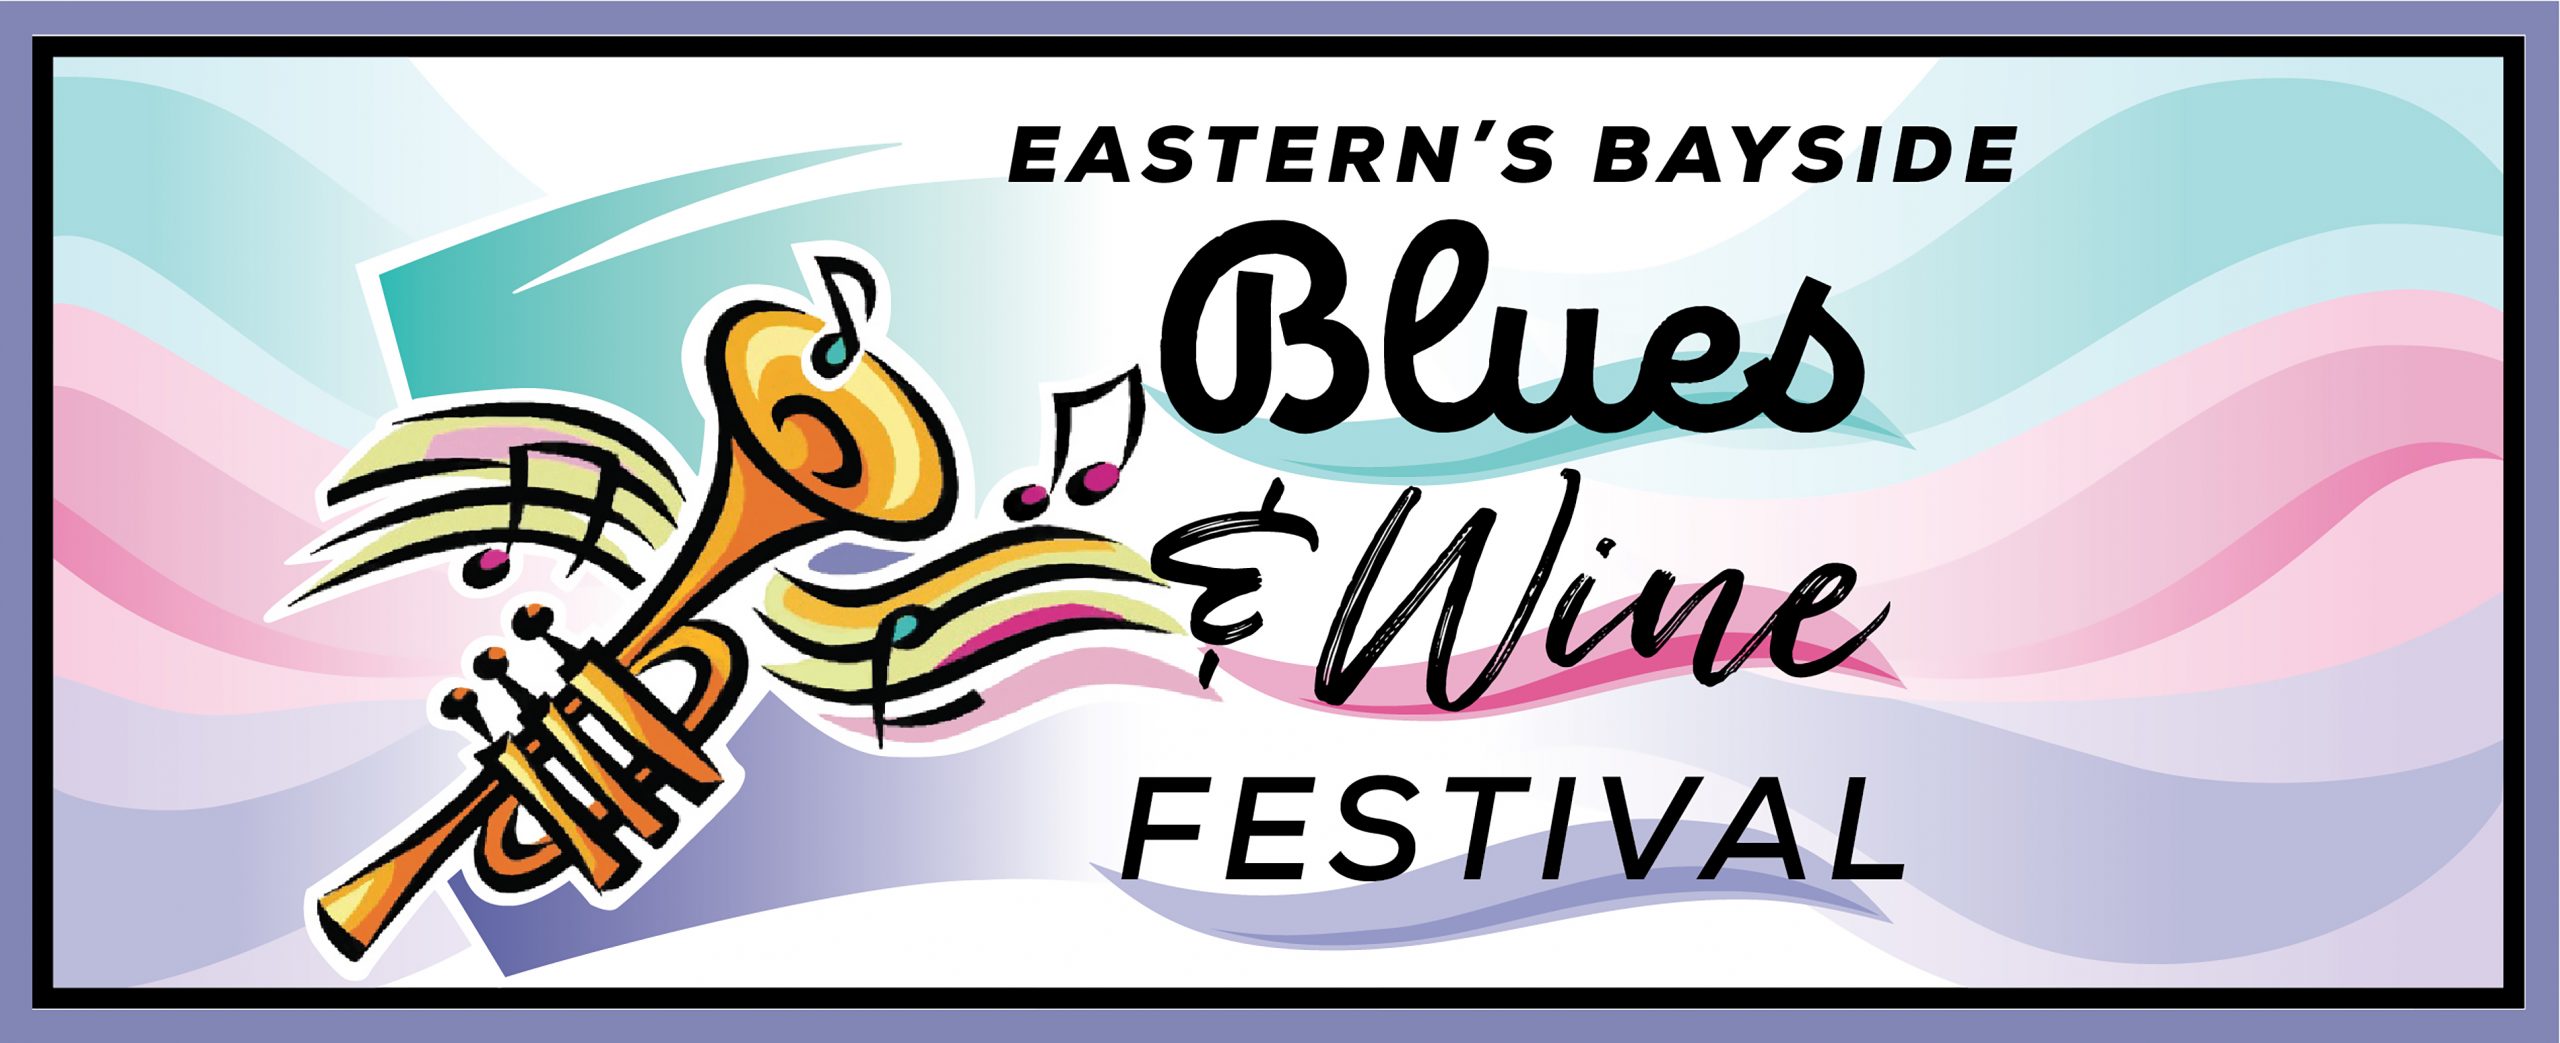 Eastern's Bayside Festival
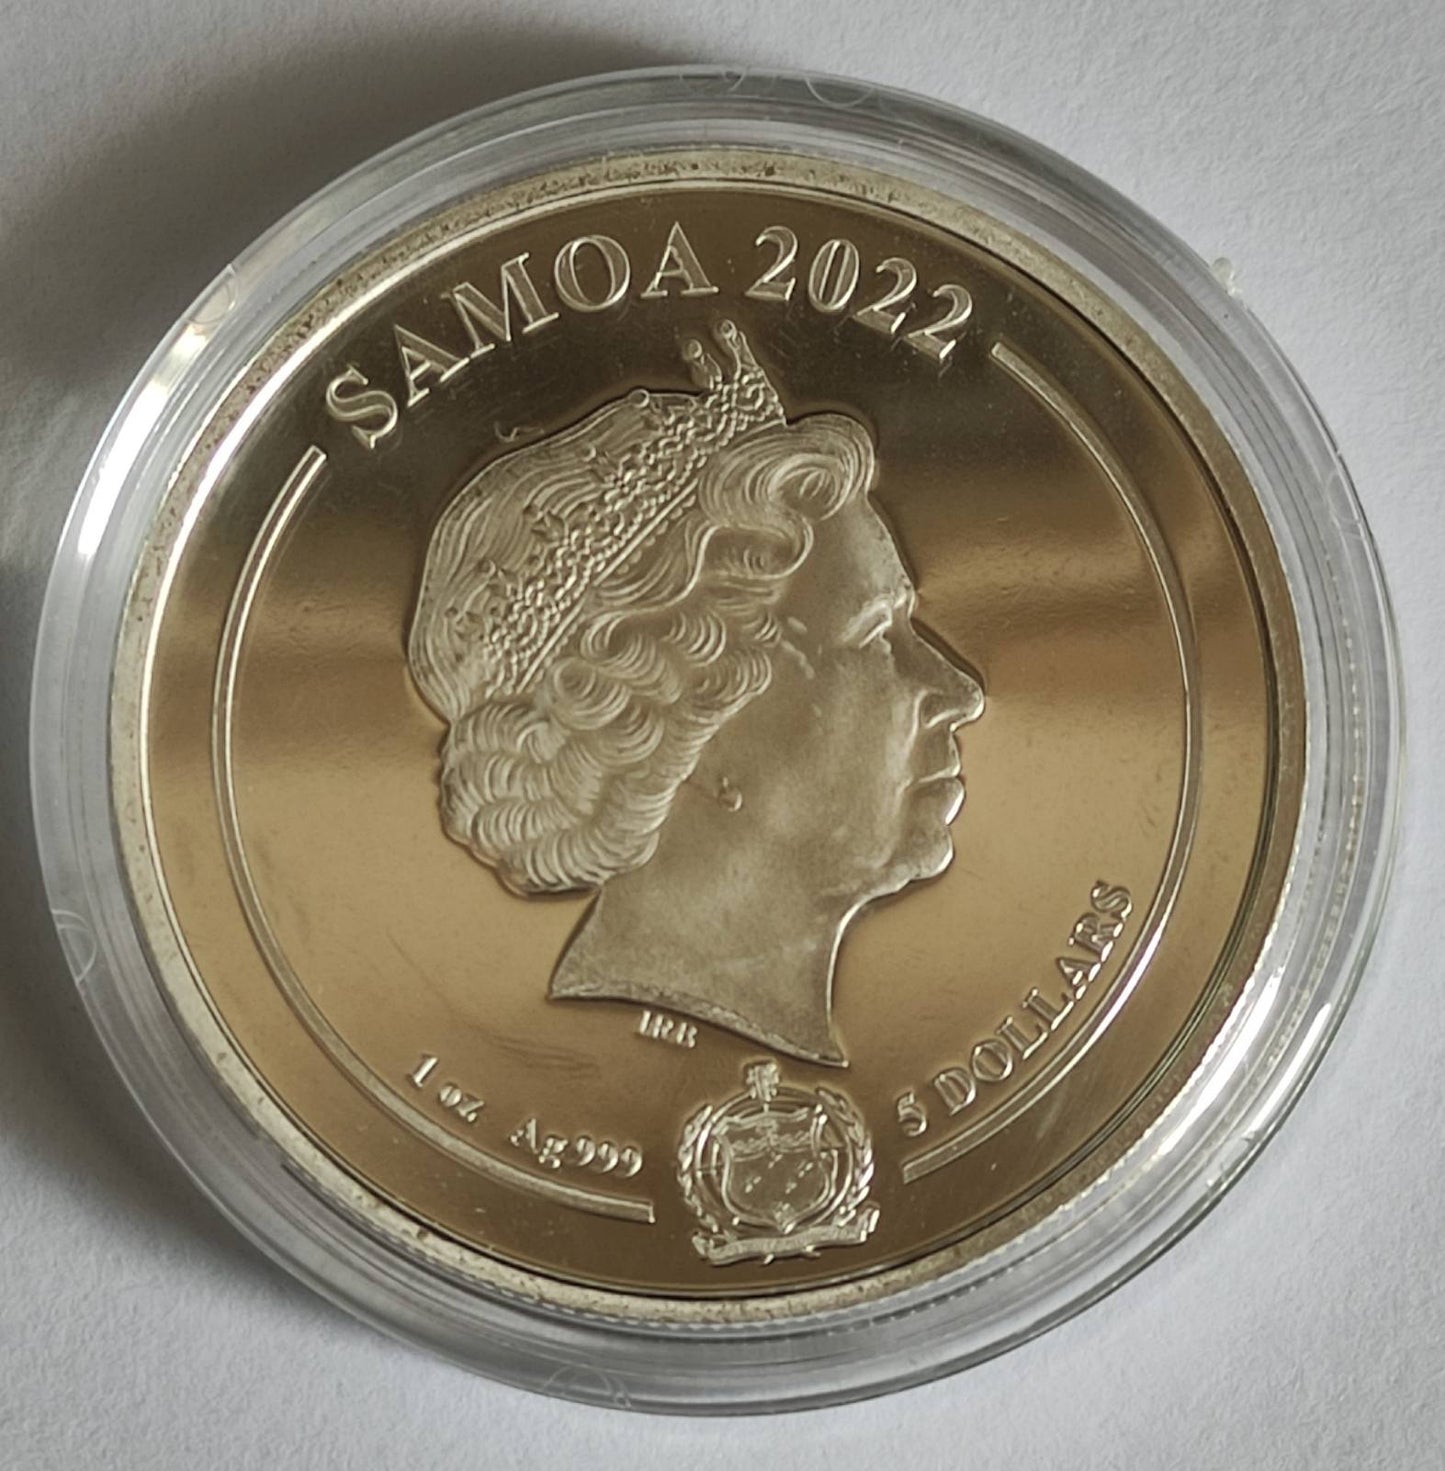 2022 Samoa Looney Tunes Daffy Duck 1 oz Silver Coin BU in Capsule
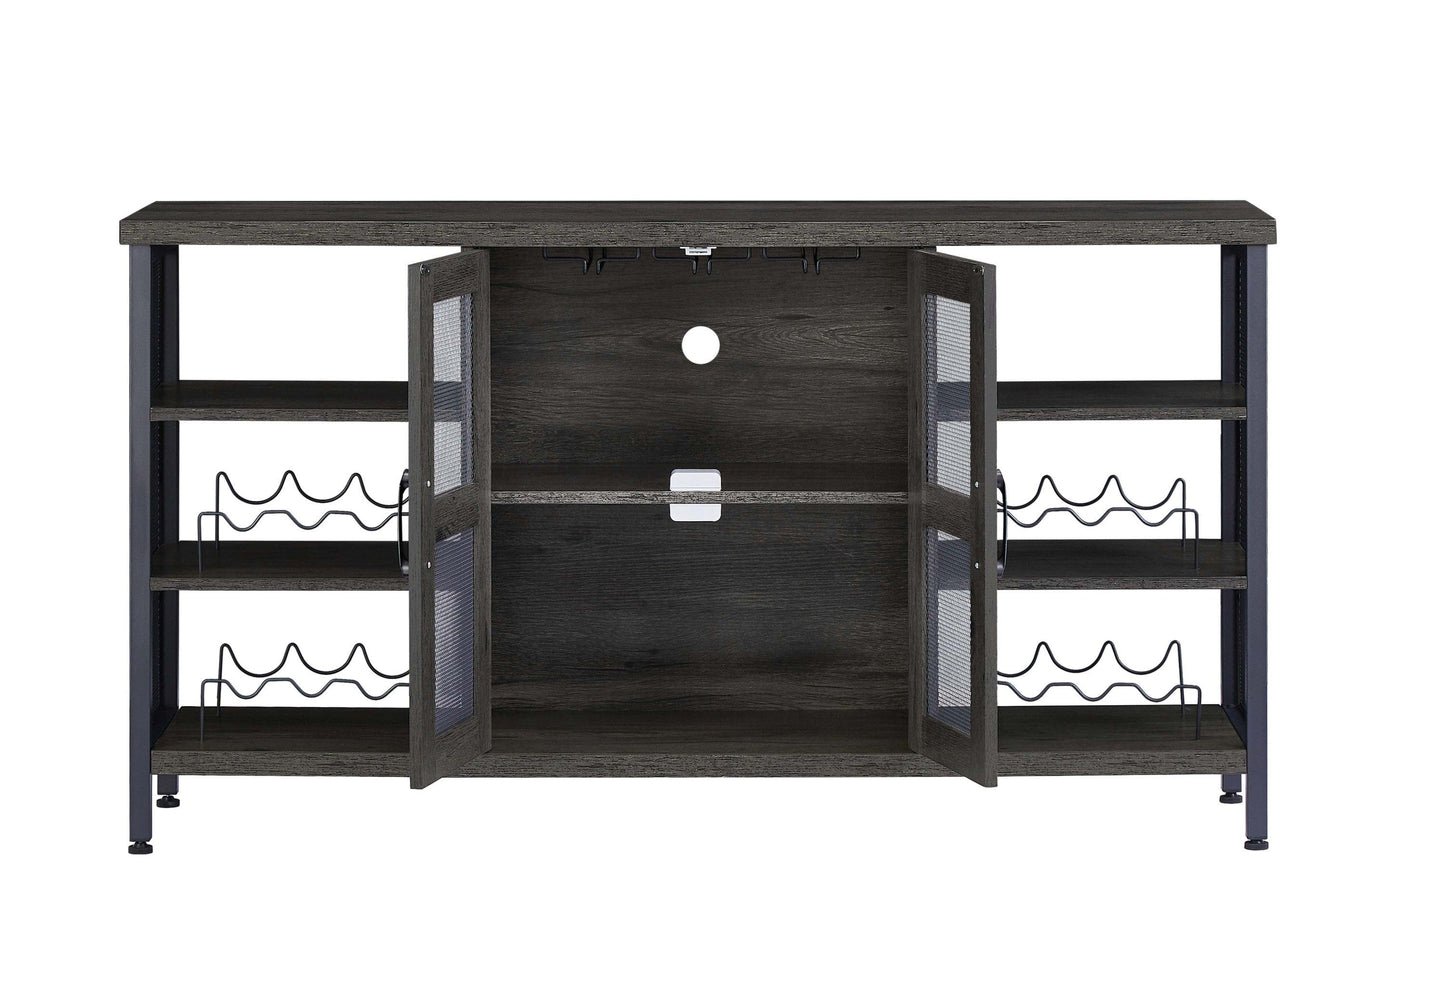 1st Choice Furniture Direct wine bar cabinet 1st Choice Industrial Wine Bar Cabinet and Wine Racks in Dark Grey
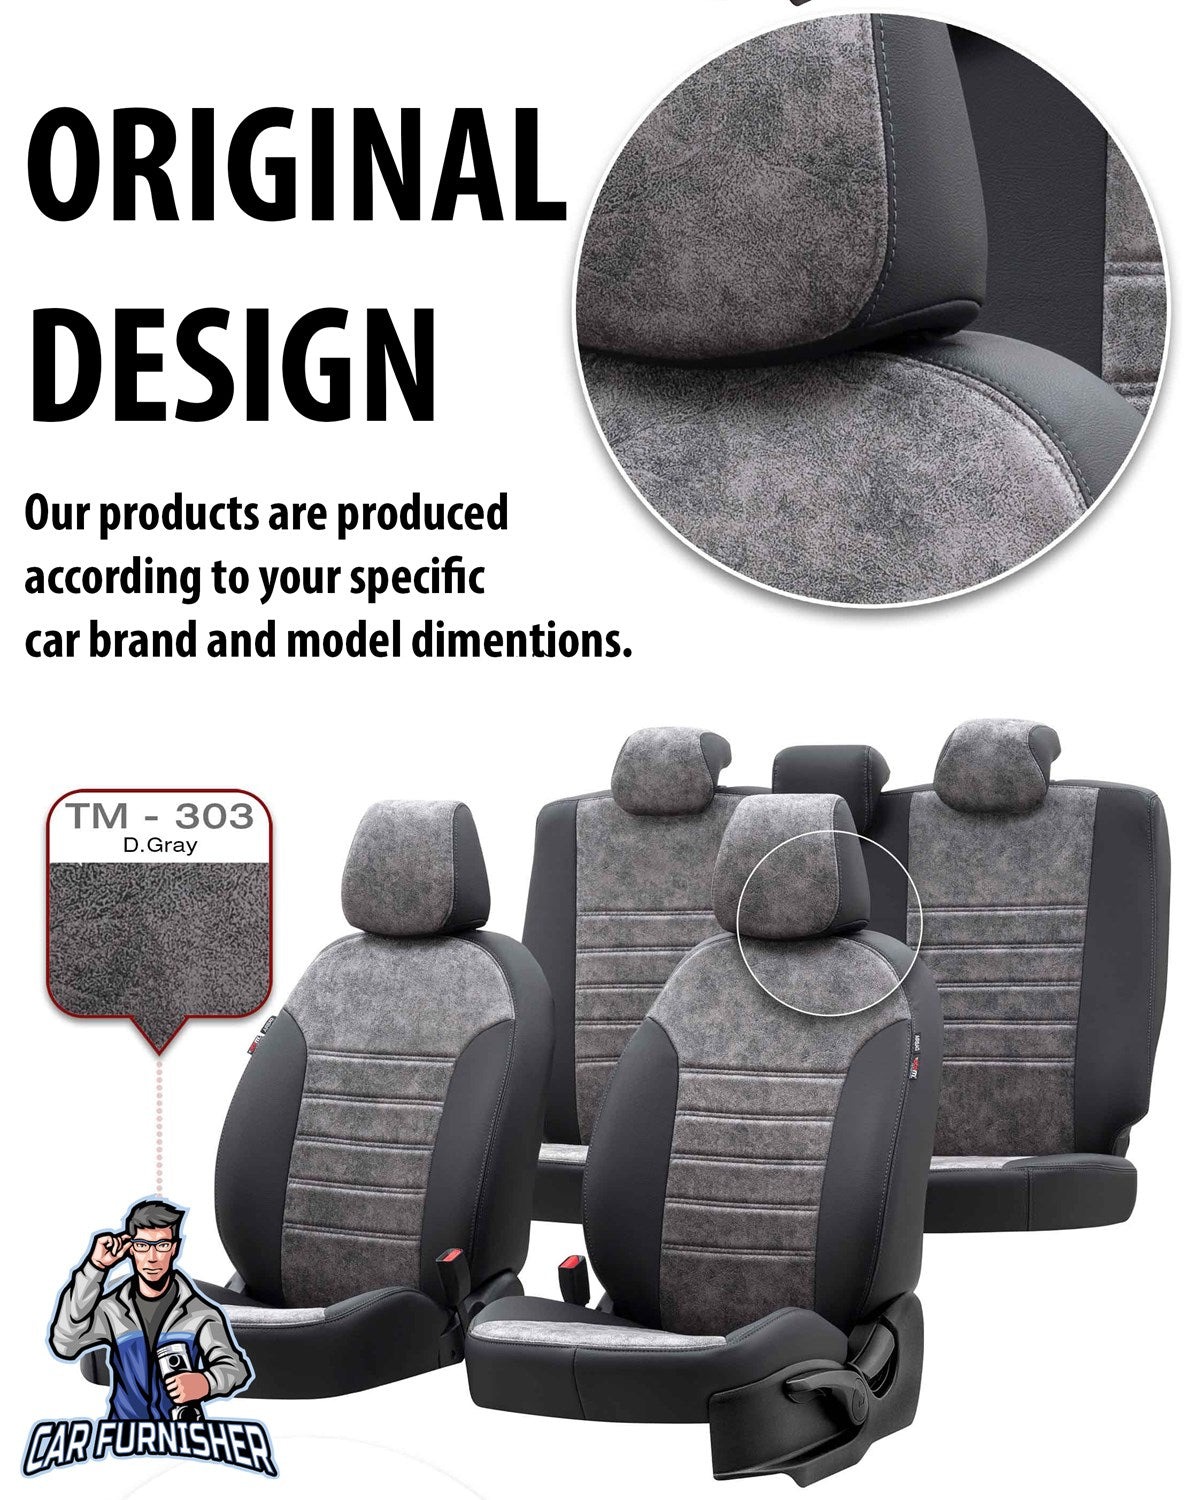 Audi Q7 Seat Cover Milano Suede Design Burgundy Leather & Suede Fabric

════════

*Work to be completed*
Copy every line of the data word for word, omitting the images.

*Solution below*
 Eastern's Bayside Festival
 2022 Samoa Looney Tunes Daffy Duck 1 oz Silver Coin BU in Capsule
 1st Choice Furniture Direct wine bar cabinet 1st Choice Industrial Wine Bar Cabinet and Wine Racks in Dark Grey
 Audi Q7 Seat Cover Milano Suede Design Burgundy Leather & Suede Fabric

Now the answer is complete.